Entertainment of Thursday, 19 November 2015

Source: Hitz FM

Ghana has a film business not a movie industry - KSM

Kwaku Sintim-Misa Kwaku Sintim-Misa

Comedian and talk show host, Kwaku Sintim-Misa, popularly known as KSM, says Ghana has a film business and not a movie industry.

According to the actor, there is certain constituent of film-making which is required to make an industry vibrant but some of those things are lacking in Ghana.

“An industry is well structured and well-coordinated when there is more benefit to derive from an effective industry than we have now, yes, there are people who have been engaged in the business of film, people have doubled in film, but I think there is a film business, not a movie industry.”

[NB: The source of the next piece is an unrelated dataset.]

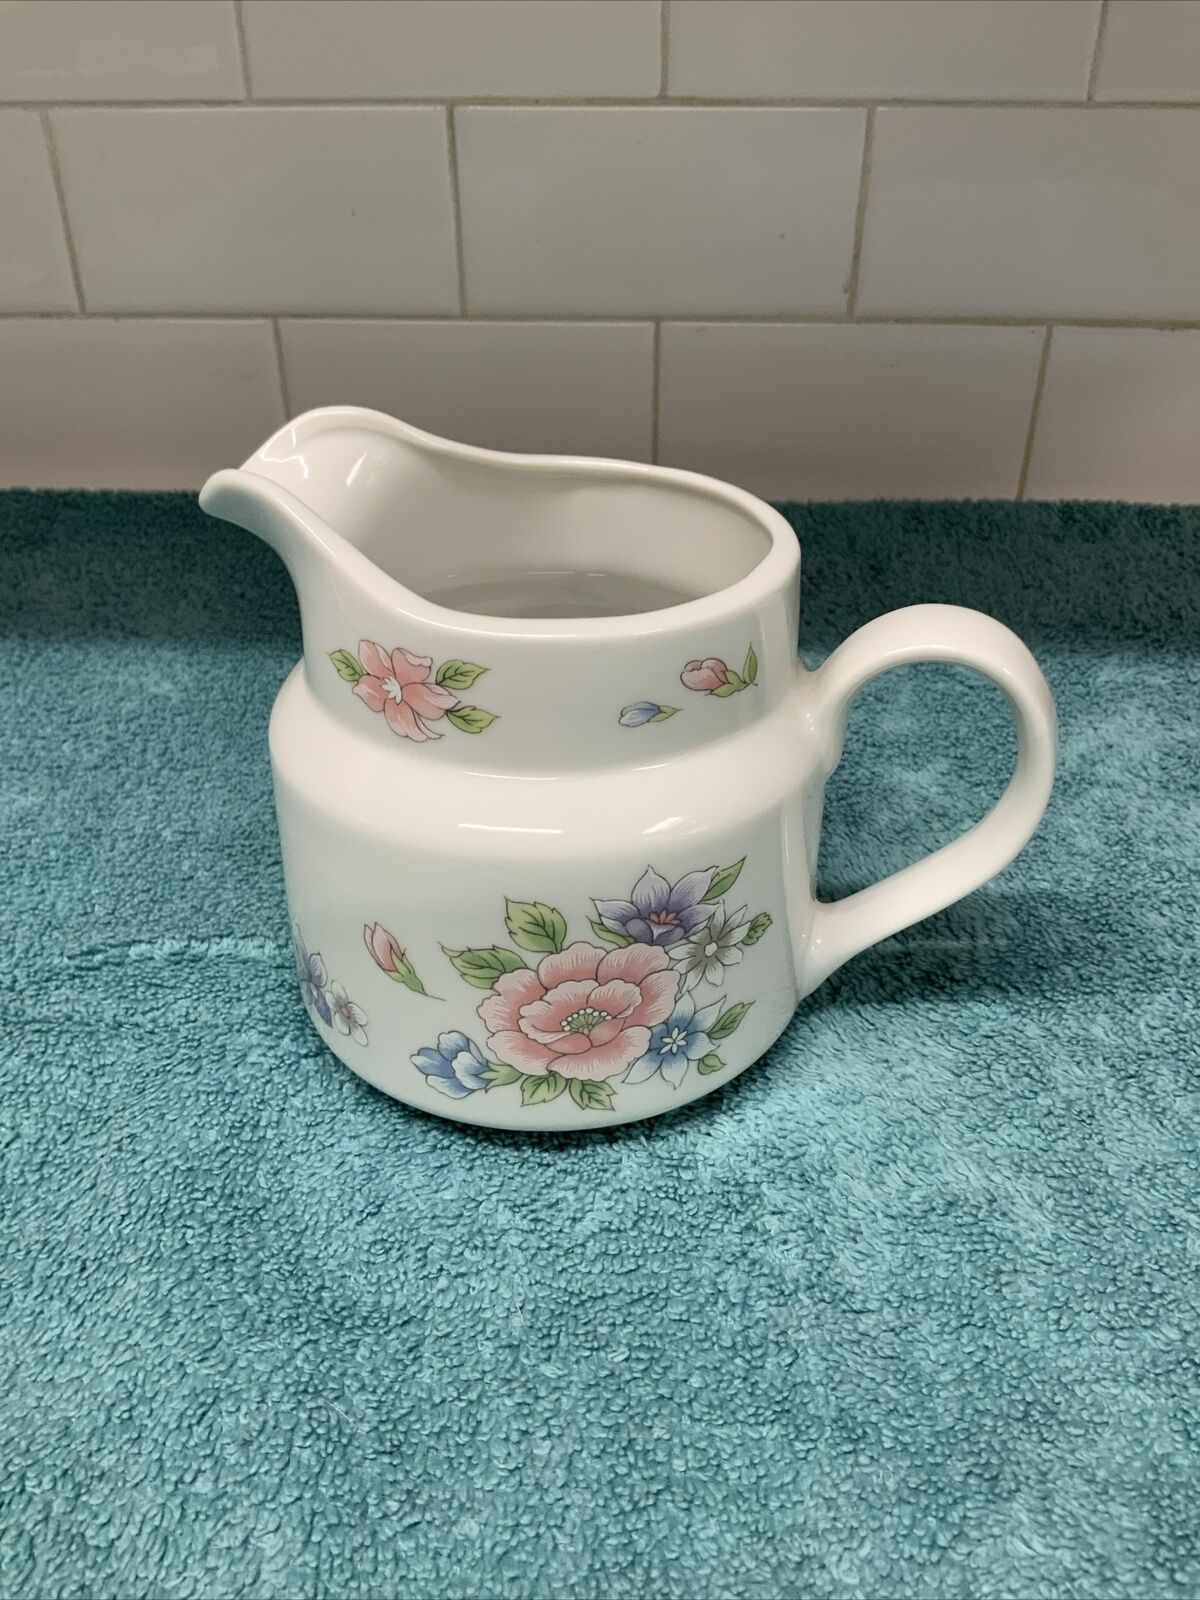 1989 Vintage  FTD Small Floral Pitcher “Especially for you”

He made the assertion in an interview with KMJ on Daybreak Hitz (Showbiz Review) on Hitz FM. He continued that, “In a very well structured industry, we have the writers, directors, distributors and those who basically fund the film, but Ghana is like a one-man crusade.”

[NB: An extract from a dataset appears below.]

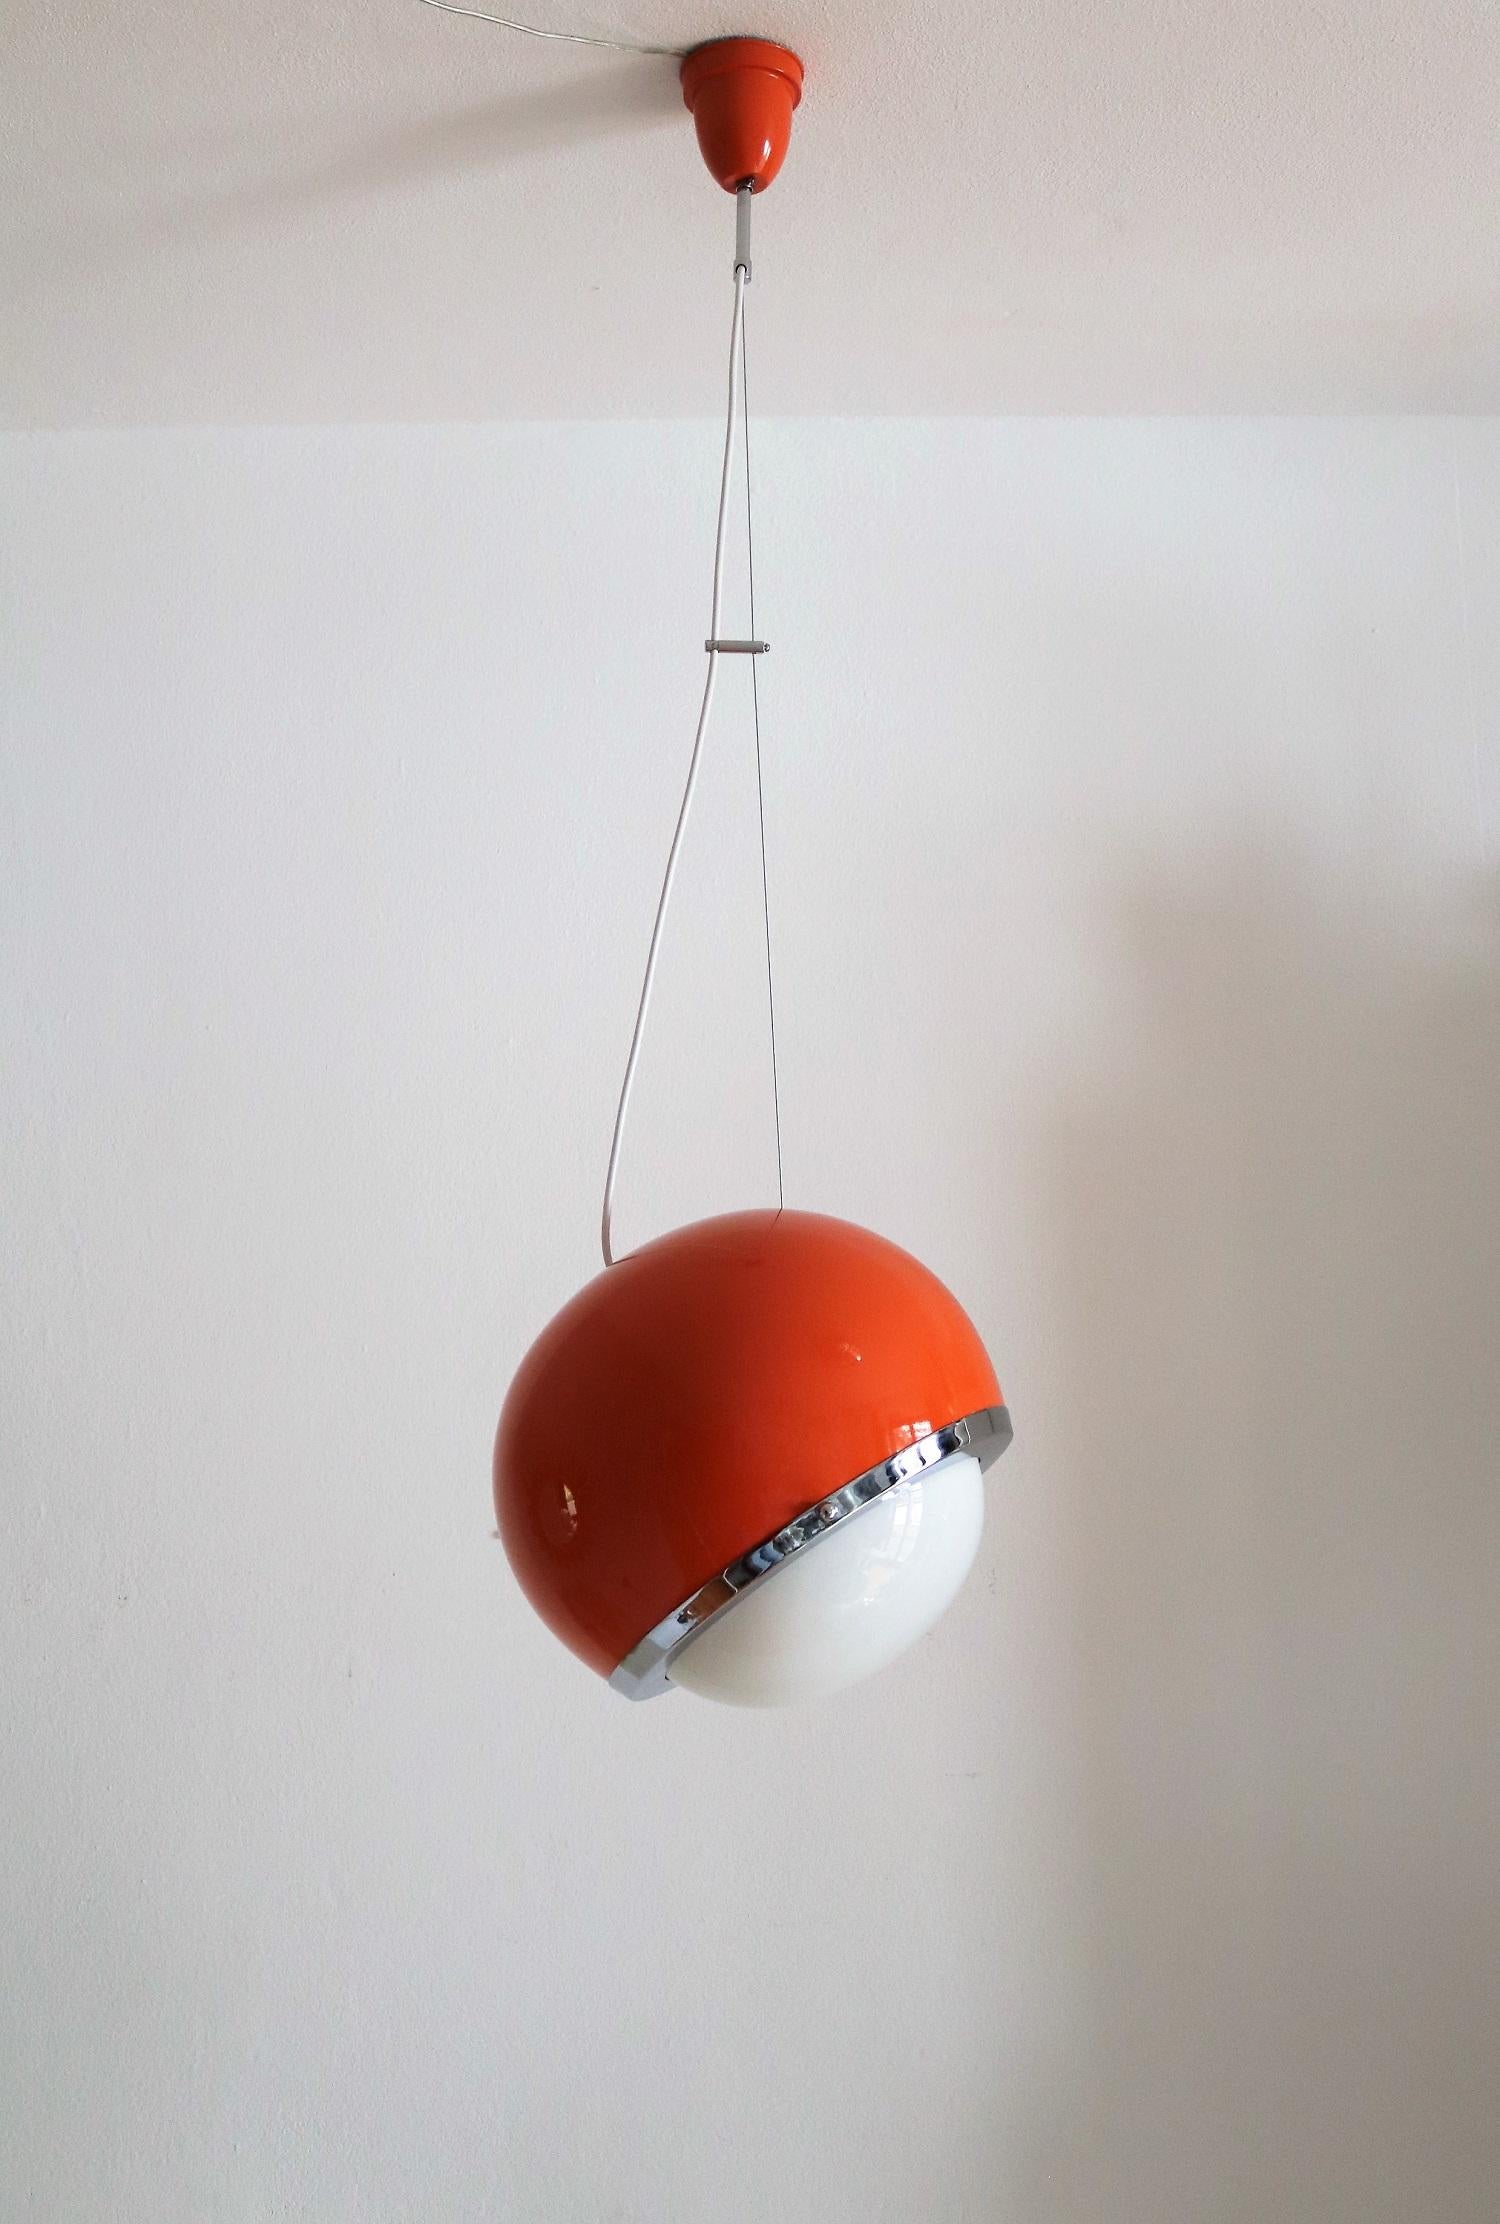 Italian Midcentury Pendant Lamp from the Space Age in Glass and Aluminium, 1960s For Sale 5

“So we have a loose association of people doing films here and there but I do not think this qualifies to be called a movie industry,” he told KMJ KSM disagreed with the assertion by some industry players that the problems that have bedevilled the industry preventing it from being successful is the lack of finance.

The ‘Afia Siriboe’ star thinks “the problem is not the money; it is the fact that we don’t have an active film viewing base to support it for anybody to throw their money in it because chances are they will not get their money back.”

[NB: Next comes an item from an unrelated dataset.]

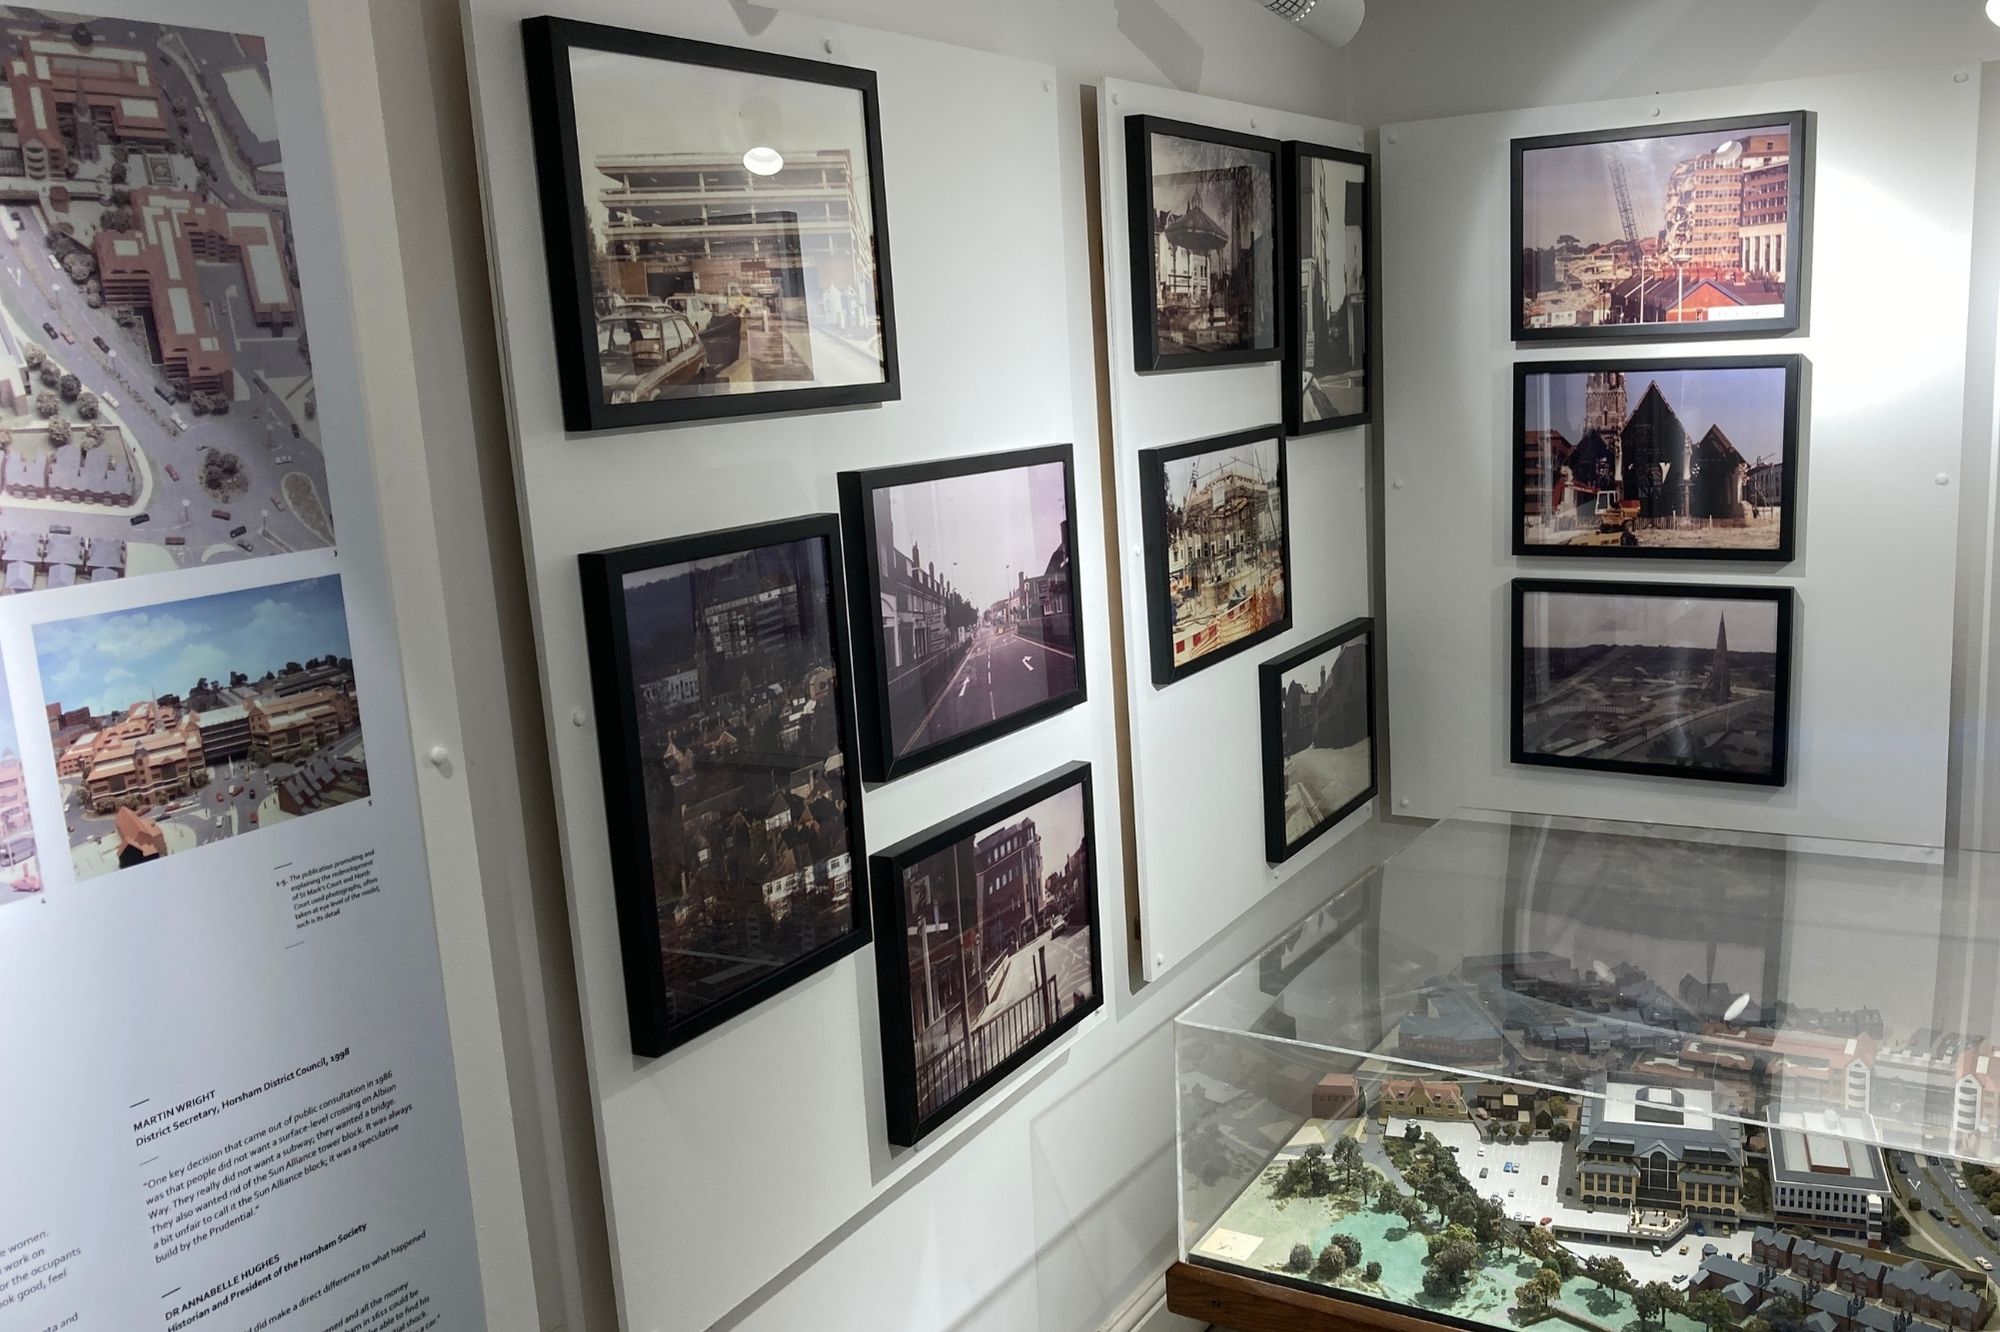 Photographs of Horsham town and town model

“People who invest are looking to grow their money and not to do charity work,” he said.

In 2016 Budget read by Finance Minister Seth Terkper, he announced that an amount of GH?38,918,393.00 has been allocated to the Tourism, Culture and Creative Arts sector.

The ‘Thank God is Friday’ TV host sharing his opinion on the allocation to the sector said “It sounds great, but I am looking forward to hear about the breakdown, how much of the money is going to be invested in what, giving it to the creative industry, in general, is so wide and vague.”